Every day we encounter greedy people focused on their own needs and
unhealthy desires. How many cheated us? How many come around us because
they want some material interest? How many corrupt politicians we know? How
many people we know turned out to be kinder and gentler and more self
sacrificing than we thought? How many turned out more mean, more selfish,
more sadistic? Looking at the world in this fashion (some would claim it is
seeing reality) can be truly dispiriting. It can remove any remaining
humanity in many people. But then comes a prisoner hunger strike! It sounds
small but it touches a cord in human beings bigger than any other and I
will argue it is the way to reclaim our humanity.
Today, Palestinians and their friends around the world show solidarity with
over 1800 Palestinian political prisoners who are on their 11th day of
hunger strike. Salt and water is all they will take until their just and
rightful demands are met (basic decent treatment in prison based on
international law). It sounds simple but this is a profound even in
Palestinian and human history. The price one pays for resistance is injury,
death or imprisonment. It is the antithesis of selfishness and greed.
800,000 Palestinians tasted life in prison and today almost 7000 are there
in the colonial apartheid Israeli prisons. While everyone knows this, the
hunger strike brought the prisoners’ message home to all – rich and poor,
greedy and self-sacrificing, honest and liar. This message is nothing short
of that we humans must reconnect to our humanity and that caring for others
is the way to save humanity. In this 21st century with weapons of mass
destruction and climate change, we cannot afford as a species to do
otherwise. Prisoners show us the way like many decent human beings showed
us the way before (think of Jesus and prophets and revolutionaries like Che
Guevera). But the alarm bells for us are now alarm bells for a dying
species unless we act. It is more urgent than ever in our short history on
earth. We really have a choice to make and it is both an individual and a
collective choice. That choice is to either accept war and greed as
“natural” and follow the other human lemmings over the cliff OR resist and
give of ourselves as a way to save humanity. Mahatma Gandhi used hunger
strike to refocus people away from greed and selfishness to caring for each
other. Hunger is painful and people will die sooner or later unless we all
act. What is at stake is very high: our own self-respect (dignity) as human
beings.
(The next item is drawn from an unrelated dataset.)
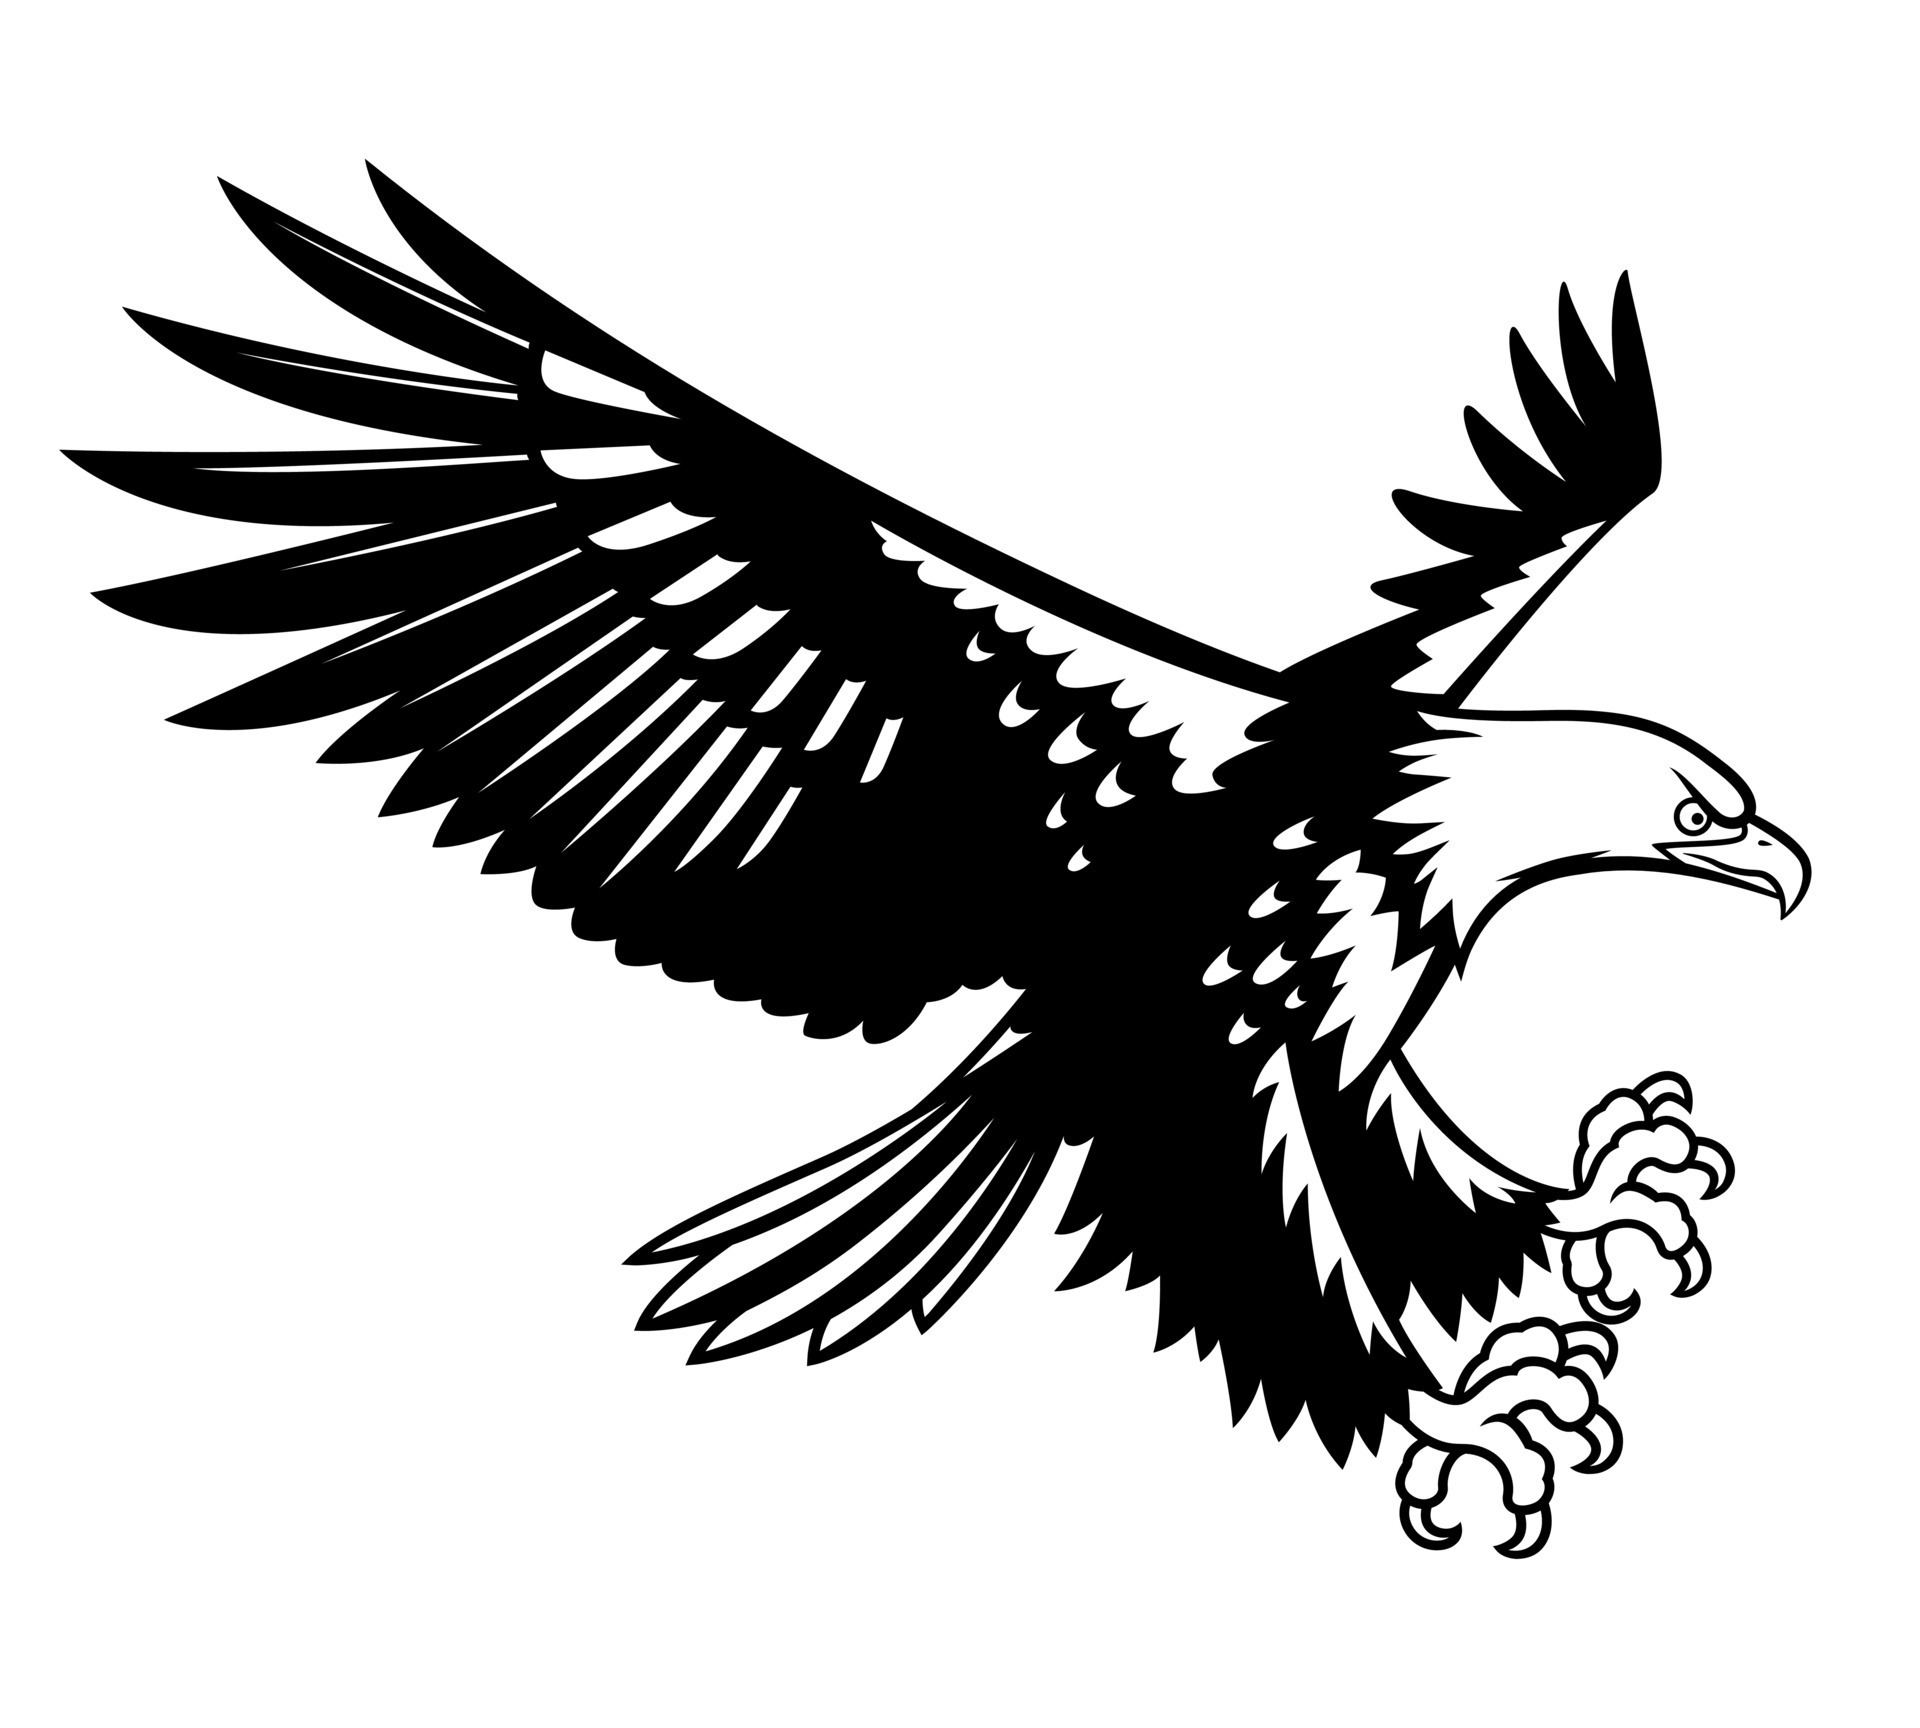 drawing a black eagle flying on white background 10826244 Vector
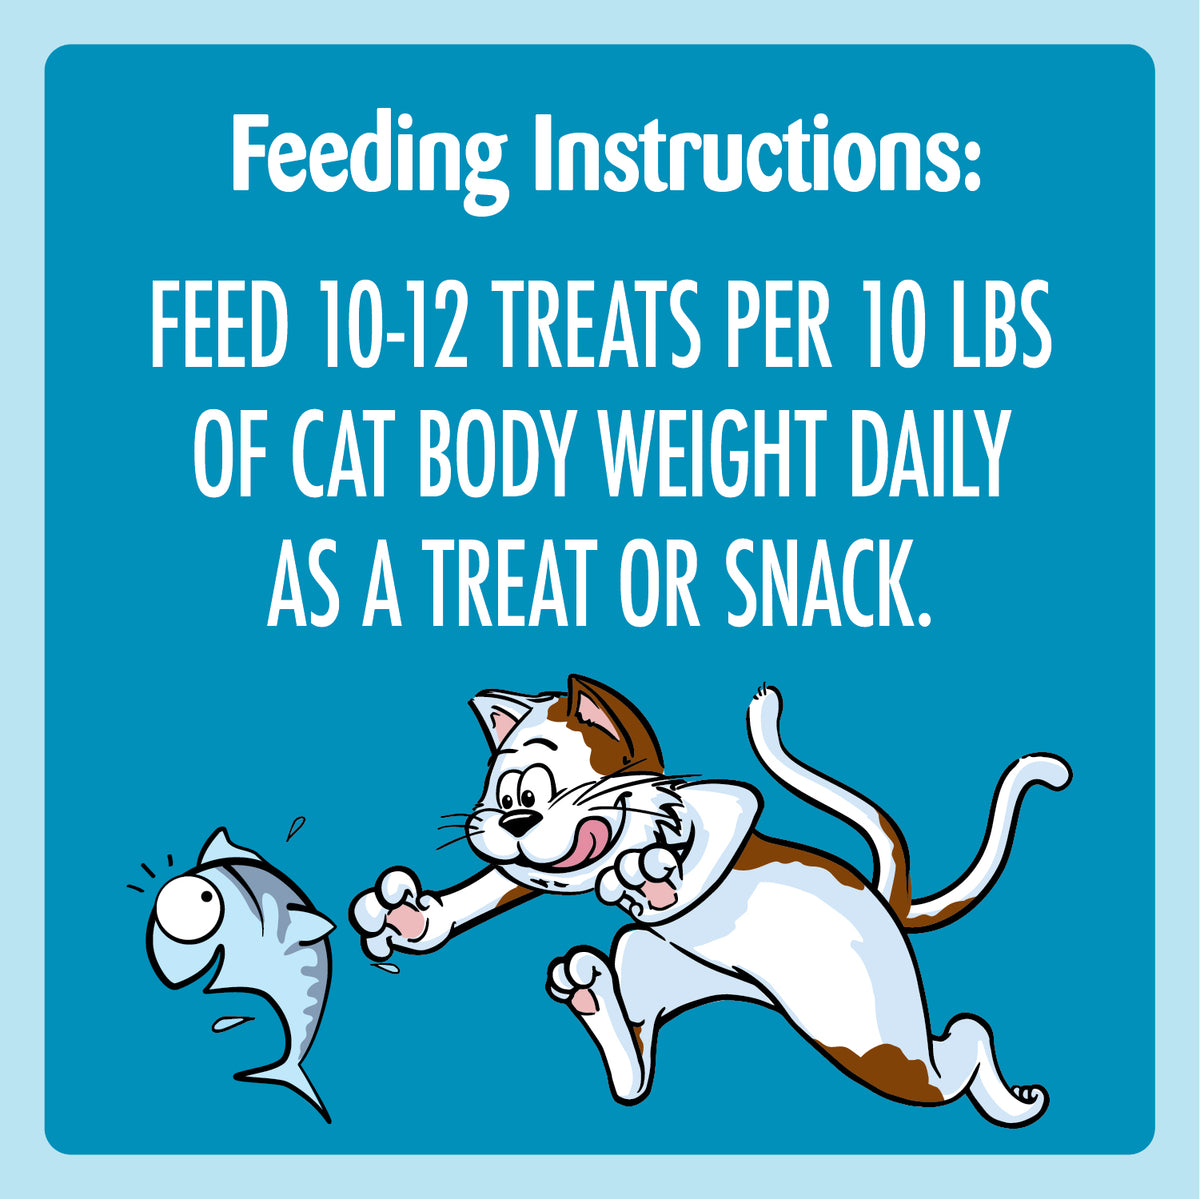 [Temptations][TEMPTATIONS Meaty Bites, Soft and Savory Cat Treats, Tuna Flavor, 4.1 oz. Pouch][Feeding Guidelines Image]

But as the world changed, the danger is that we can also go extinct
as a species unless we manage to collectively transcend a huge baggage of
greed, colonialism, and capitalism that cannot be sustained in the 21st
century. Palestinian prisoners by their silent deeds of self-sacrifice have
shown us the way. As did martyrs like Basil Al-Araj who simply noted that
in his extremely short last words on paper: there is no more eloquant
speech than the deed of the Martyr.
Kkalil Gibran wrote in “The Prophet” 1923: “You give but little when you
give of your possessions; it is when you give of yourself that you truly
give. For what are your possessions but things you keep and guard for fear
you may need them tomorrow? And what is fear of need but need itself.” The
prisoners and the martyrs gave silently of themselves. For the rest of us,
where we stand today and tomorrow will say a lot about who we are.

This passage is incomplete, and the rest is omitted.